The Department of Civil Aviation (DCA; กรมการบินพลเรือน) was a government department of Thailand from 2009 to 2015. Founded in 1933 as a bureau under the Ministry of Commerce's Department of Transport, it was elevated to department status under the new Ministry of Transport in 1963, and was originally called the Department of Commercial Aviation. It was renamed the Department of Air Transport in 2002, before becoming the Department of Civil Aviation in 2009. The department's responsibilities included prescribing, regulating, and auditing Thai civil aviation, as well as the management of Thailand's government-owned civil airports (not including the main international airports operated by the state enterprise Airports of Thailand PCL).

In October 2015, as part of restructuring in response to the ICAO's downgrading of Thailand's aviation safety rating, the DCA was split into two separate entities, the Civil Aviation Authority of Thailand (CAAT), which will conduct aviation regulatory oversight, and the Department of Airports, which will operate airports previously operated by the DCA.

==2015 ICAO safety downgrade==
In March 2015, the International Civil Aviation Organization's (ICAO) rejected a safety plan put forward by the DCA, which was submitted to ward off an imminent aviation safety downgrade.

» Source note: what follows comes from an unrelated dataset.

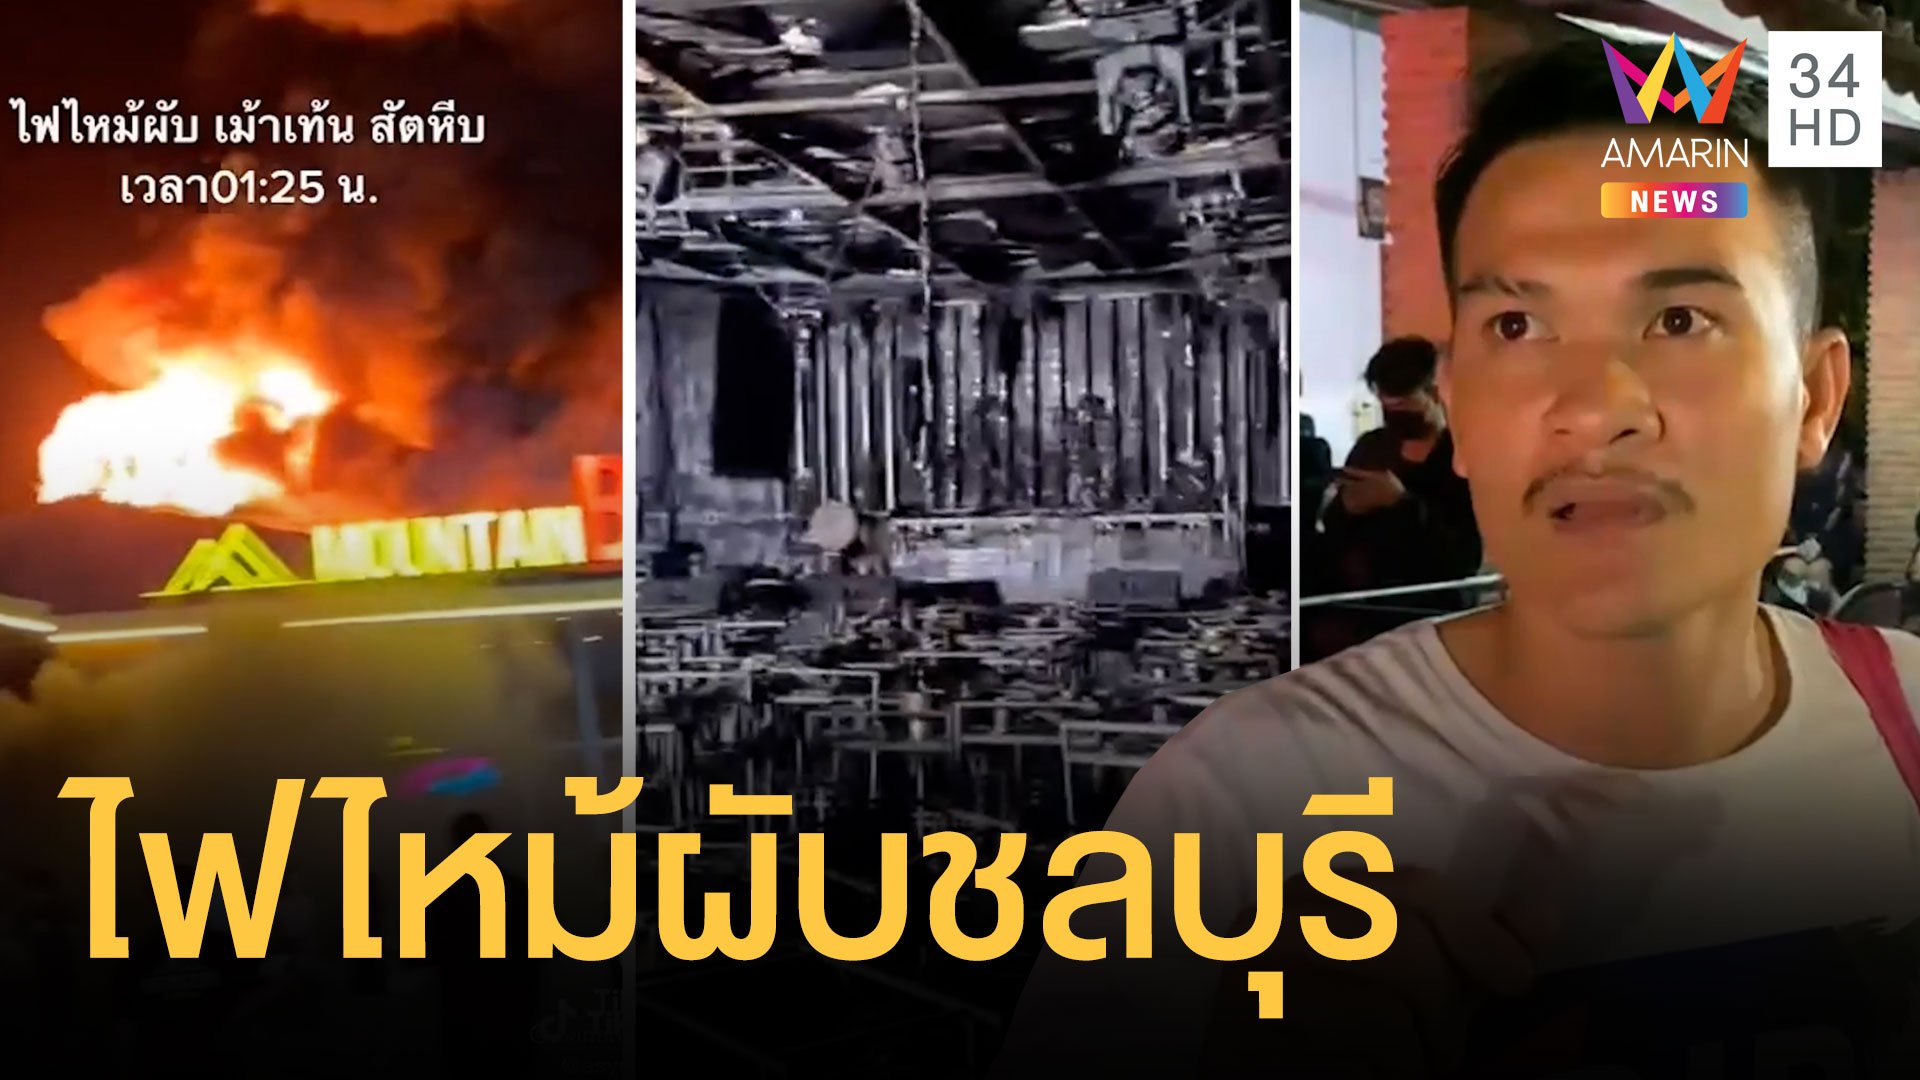 ไฟไหม้ผับชลบุรี นักเที่ยวหนีตายระทึก สลดคลอกดับ 13 ศพ ดีเจเล่านาทีระเบิด | ข่าวอรุณอมรินทร์ | 5 ส.ค. 65 | AMARIN TVHD34
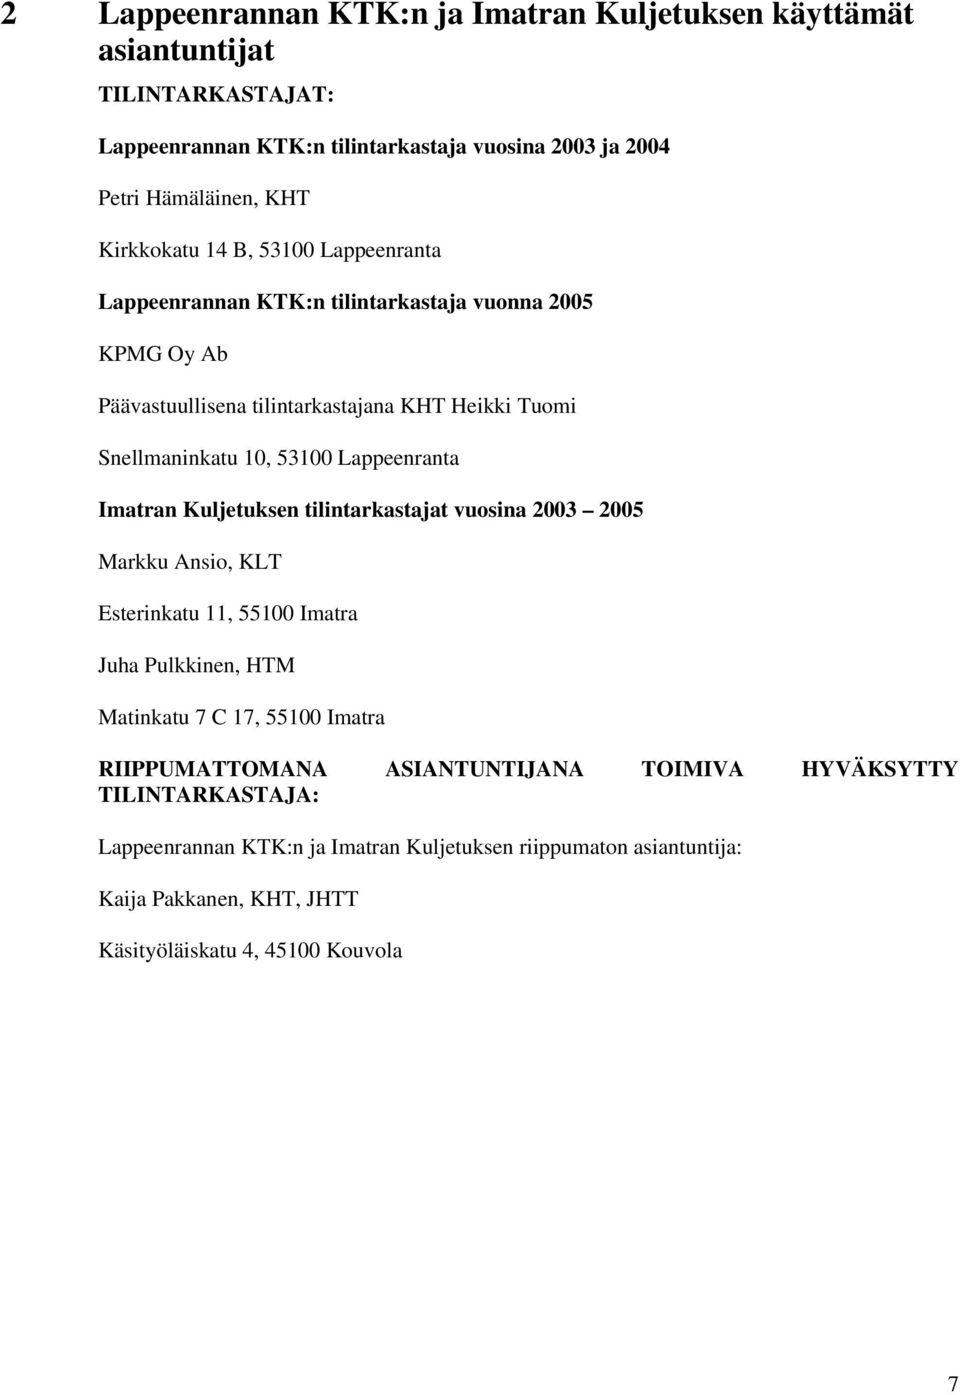 Lappeenranta Imatran Kuljetuksen tilintarkastajat vuosina 2003 2005 Markku Ansio, KLT Esterinkatu 11, 55100 Imatra Juha Pulkkinen, HTM Matinkatu 7 C 17, 55100 Imatra

In January 2015, ICAO had carried out an audit and found serious gaps in safety standards at some Thai budget airlines. "The audit found that the Department of Civil Aviation had overlooked many regulations for the low-cost airlines," said one source. "Simple things like having airline manuals at ground offices, making sure you have two planes ready to relieve mechanical errors were all lacking". The ICAO said it would formally downgrade Thailand's safety ranking in early-June 2015 if the DCA were unable to fix the deficiencies by then. If safety is downgraded, all airlines registered in Thailand, including major carriers like Thai Airways would face possible bans on new routes. Existing routes would continue as normal. Japan and South Korea have already responded to the possible downgrade by banning requests for future flight plans and banning all charter flights from Thailand-registered companies. A source within Thai Airways criticized the Department of Civil Aviation, "Their lack of attention to detail is costing us all,..."

On 2 April 2015, a Thai civil aviation delegation journeyed to Seoul to attempt to deflect Korean sanctions. They failed to convince the Koreans. Three Thai charter carriers will not be permitted to fly to Korea in April. About 10,000 passengers will be affected. Japan had earlier granted Thailand a reprieve on sanctions, in effect allowing Thai charter carriers to continue to fly to Japan over the heavy 11 April–31 May travel season.

The ICAO assesses, among other things, personnel licensing and training, airworthiness assessment and certification, accident investigation, and airline operations oversight. The DCA is responsible for granting operating licenses to airlines operating in Thailand. Among the ICAO's concerns is that the DCA has issued operating licences to 22 airlines in just nine months. To date (March 2015), the DCA has issued operating licences to 70 scheduled and charter airlines. Sixty-one are still operational. Of these, 41 of are charter flight operators.

The prime minister, Gen Prayut, blamed the issue on understaffing, noting that the DCA has only 13 aviation safety inspectors. The DCA employs 1,514.

On 20 April 2015, Transport Minister Air Chief Marshal Prajin Juntong announced that Thailand would be unable to meet the ICAO's June deadline. "It is taking longer than we expected," ACM Prajin told reporters. "Our effort may be completed as late as mid-July 2015." Prime Minister Gen Prayut Chan-o-cha had said earlier that he would invoke emergency powers to "swiftly solve" Thai safety shortcomings. ICAO requirements, at minimum, will necessitate the writing and publication of an aviation safety manual by mid-year and, once that is done, the recertification of 41 airlines—28 foreign and 13 Thai—operating in Thailand.

In May 2015, the DCA announced that it will ask the US Federation Aviation Administration (FAA) to postpone its July 2015 inspection of Thai civil aviation operations until Thailand has tackled all the major safety concerns raised by the International Civil Aviation Organisation (ICAO).